In [1]:
from data.dataset import Synth90kDataset, synth90k_collate_fn
import torch.multiprocessing as mp
import torch
from torch.utils.data import DataLoader
from models.crnn import CRNN, count_parameters
import torch.optim as optim
import torch.nn as nn
from tqdm.notebook import tqdm 
from models.ctc_decoder import ctc_decoder

# Set multiprocessing start method to 'spawn'
mp.set_start_method('spawn', force=True)


dataset_path = './data/mnt/ramdisk/max/90kDICT32px/'
modes = ['train', 'val', 'test']
device = torch.device("cuda" if torch.cuda.is_available() else "cpu")

In [2]:
def getting_all_batches(batch, device):

    images, targets, target_lengths = batch['images'], \
                                      batch['targets'], \
                                    batch['target_lengths']
    images, targets, target_lengths = images.to(device), \
                                       targets.to(device), \
                                      target_lengths.to(device)
    return images, targets, target_lengths

In [3]:
def calculate_loss(preds, preds_length, targets, target_lengths, optimizer, criterion):
    optimizer.zero_grad()
    batch_size = images.size(0)
    
    loss = criterion(preds, targets, preds_length, target_lengths)

    
    loss.backward()

    torch.nn.utils.clip_grad_norm_(crnn.parameters(), 5) # gradient clipping with 5
    optimizer.step()
    return loss.item()
    

In [4]:
def calculate_accuracy(output, output_lengths, targets, target_lengths, 
                      decode_method = 'beam_search', beam_size = 10):
    output_detach = output.detach()
    preds = ctc_decoder(output_detach, method = decode_method, beam_size = beam_size)
    
    reals = targets.cpu().numpy().tolist()

    
    target_lengths = target_lengths.cpu().numpy().tolist()
    
    num_correct = 0
    target_length_counter = 0
    for pred, target_length in zip(preds, target_lengths):
        real = reals[target_length_counter: target_length_counter + target_length]
        target_length_counter += target_length

        # print(pred, real)
        if pred == real:
            num_correct += 1

    return num_correct

In [8]:
len(train_dataset)

7224612

In [9]:
len(valid_dataset)

802734

In [12]:
from argparse import Namespace 

torch.manual_seed(42)
device = "cuda" if torch.cuda.is_available() else "cpu"
train_args = Namespace(
    data_dir = './data/mnt/ramdisk/max/90kDICT32px/',
    train_batch_size = 32,
    eval_batch_size = 512,
    epochs = 1000,
    save_interval = 20,
    cpu_workers = 8,
    learning_rate = 0.05,
    reload_checkpoint = None,
    decode_method = 'beam_search',
    beam_size = 10,
    checkpoints_dir = 'checkpoints/',
    img_width = 100,
    img_height= 32,
    map_to_seq = 64,
    lstm_hidden = 256,
    leaky_relu = False
)


train_dataset = Synth90kDataset(dataset_path, mode = 'train', 
                                img_height = train_args.img_height,
                                img_width = train_args.img_width)
valid_dataset = Synth90kDataset(dataset_path, mode = 'val', 
                                img_height = train_args.img_height,
                                img_width = train_args.img_width)
# test_dataset = Synth90kDataset(dataset_path, mode = 'test', 
#                                 img_height = train_args.img_height,
#                                 img_width = train_args.img_width)
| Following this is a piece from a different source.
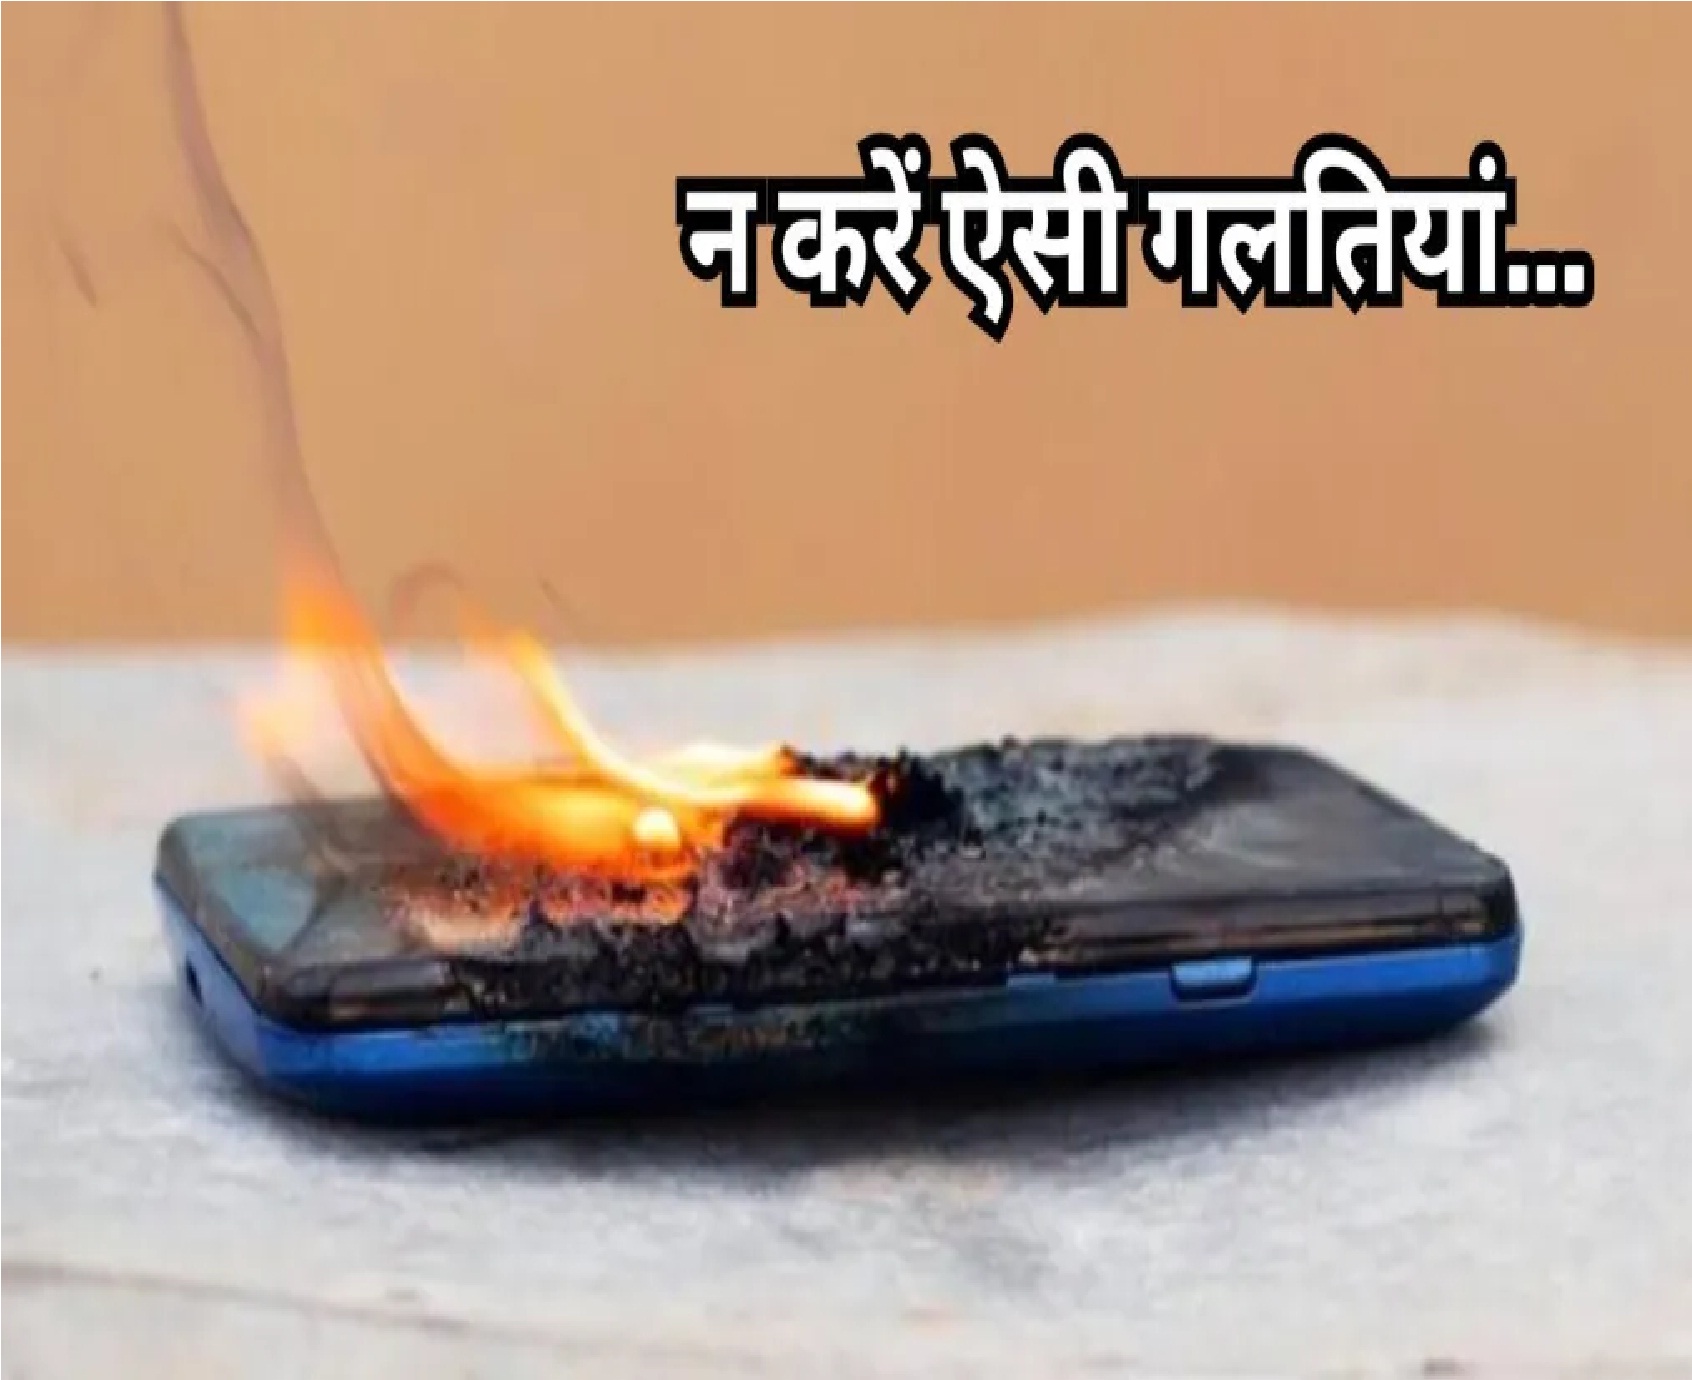 New Delhi: फोन चार्ज करते वक्त भूलकर भी न करें ये 5 गलतियां, हो सकता है बड़ा हादसा

reduced_train = len(train_dataset) // 100
reduced_indices = torch.randperm(len(train_dataset))[:reduced_train]
train_dataset_reduced = torch.utils.data.Subset(train_dataset, reduced_indices)

reduced_val = len(valid_dataset) // 100
reduced_indices = torch.randperm(len(train_dataset))[:reduced_val]
val_dataset_reduced = torch.utils.data.Subset(valid_dataset, reduced_indices)
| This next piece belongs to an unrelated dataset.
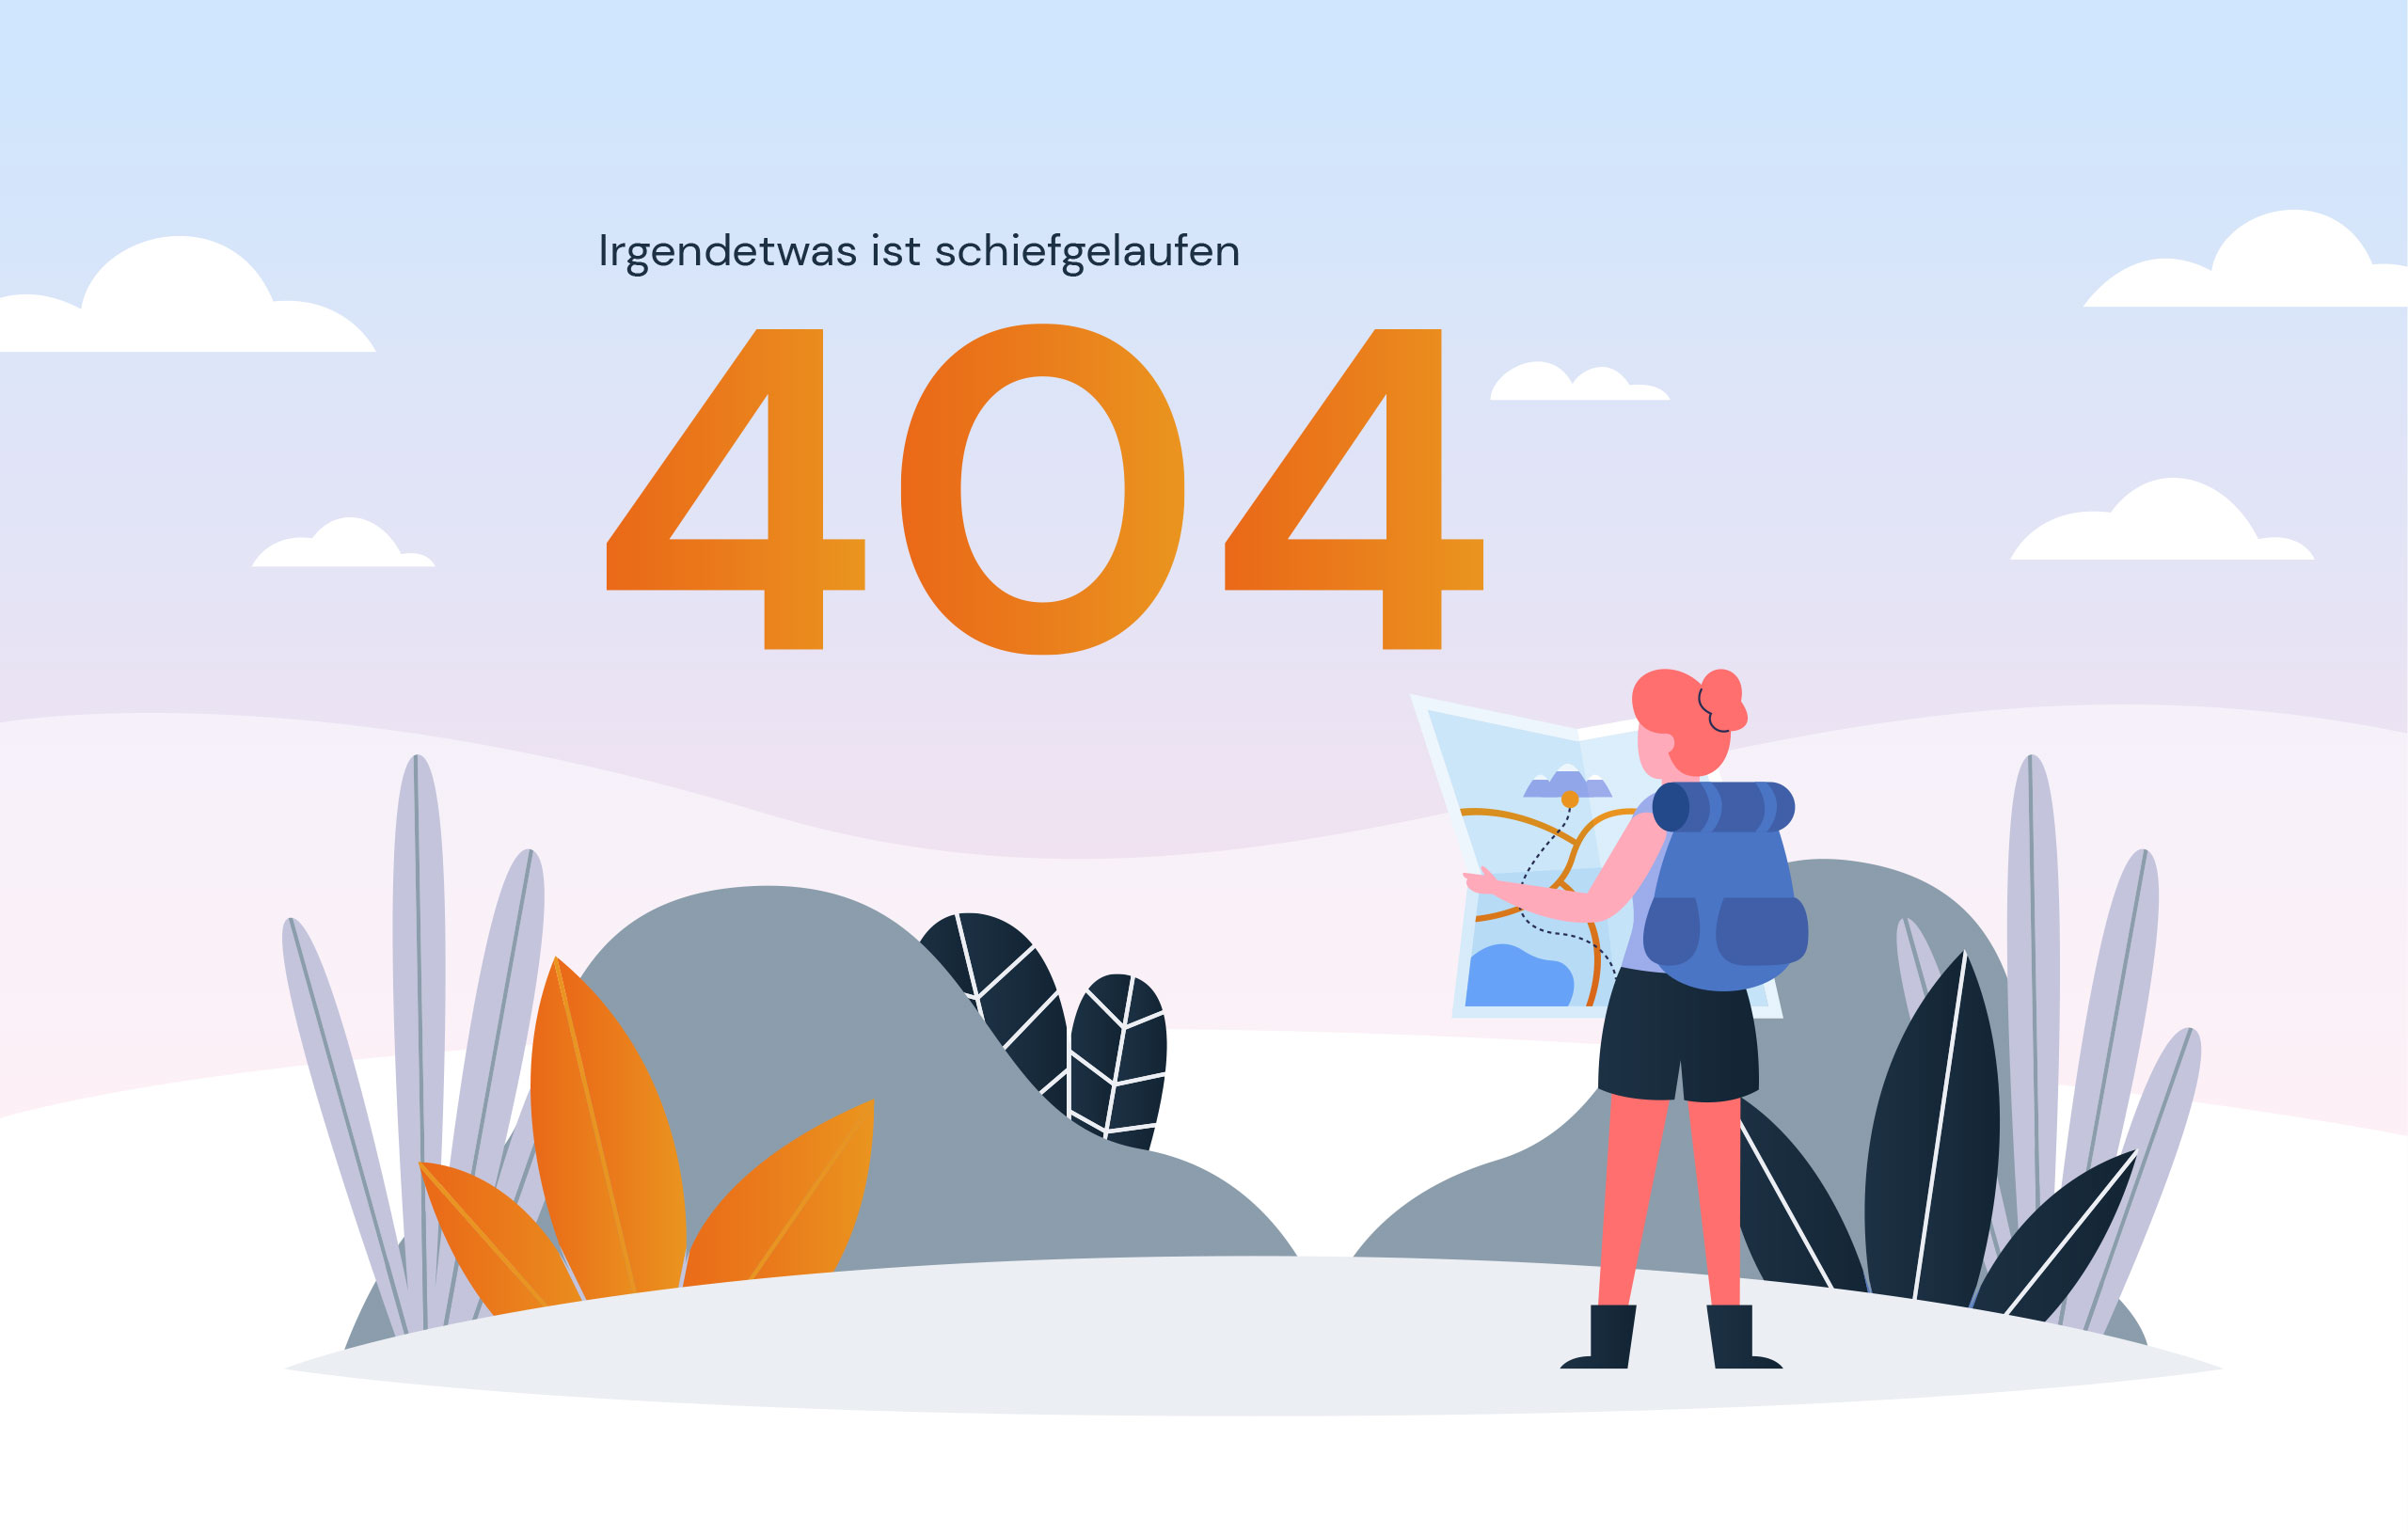 Irgendetwas ist schiefgelaufen - Error 404

train_loader = DataLoader(train_dataset_reduced, batch_size = train_args.train_batch_size,
                         shuffle = True, num_workers = train_args.cpu_workers,
                        collate_fn = synth90k_collate_fn)
valid_loader = DataLoader(val_dataset_reduced, batch_size = train_args.eval_batch_size,
                         shuffle = True, num_workers = train_args.cpu_workers,
                        collate_fn = synth90k_collate_fn)
# test_loader = DataLoader(test_dataset, batch_size = train_args.eval_batch_size,
#                          shuffle = True, num_workers = train_args.cpu_workers,
#                         collate_fn = synth90k_collate_fn)
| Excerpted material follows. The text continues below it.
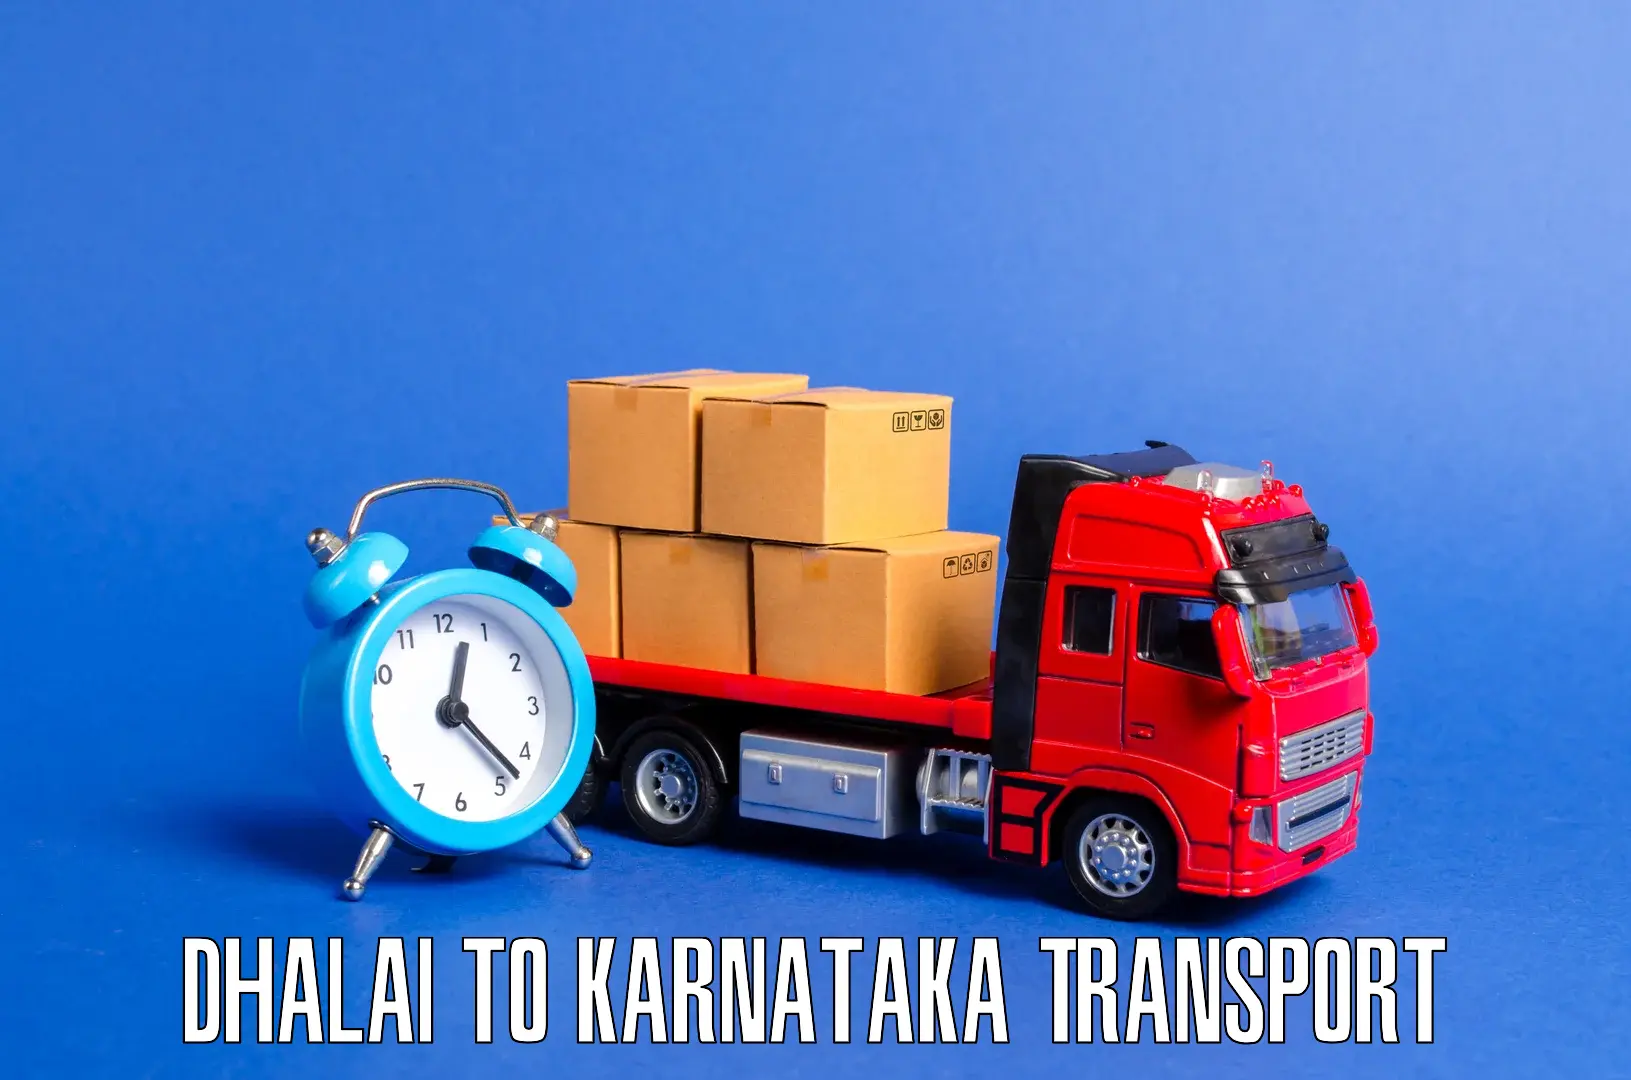 Nationwide transport services Dhalai to Karnataka

Loading Dataset with mode: train
Loading Dataset with mode: val


In [13]:
len(train_dataset_reduced)

72246

In [16]:
num_classes = len(Synth90kDataset.LABEL2CHAR) + 1
crnn = CRNN(1, train_args.img_height, train_args.img_width, 
            num_classes = num_classes,
            leaky_relu = train_args.leaky_relu, 
            map_to_seq = train_args.map_to_seq,
            lstm_hidden = train_args.lstm_hidden).to(device)
print(f"The number of parameters in this model are: {count_parameters(crnn)}")
if train_args.reload_checkpoint:
    crnn.load_state_dict(torch.load(reload_checkpoint, map_location=device))

optimizer = optim.Adadelta(crnn.parameters(), lr = train_args.learning_rate, rho = 0.9)
criterion = nn.CTCLoss(reduction = 'sum',  zero_infinity = True).to(device)

The number of parameters in this model are: 7839077


In [18]:
num_epochs = train_args.epochs

train_loss, val_loss = [], []
train_acc, val_acc = [], []

epoch_bar = tqdm(desc = 'Epoch',
                 total = num_epochs, position = 1)
train_bar = tqdm(desc = 'Training', total = len(train_loader),
                 position = 1, leave = True)
# val_bar = tqdm(desc = 'Validation', total = len(test_loader),
#                position = 1, leave = True)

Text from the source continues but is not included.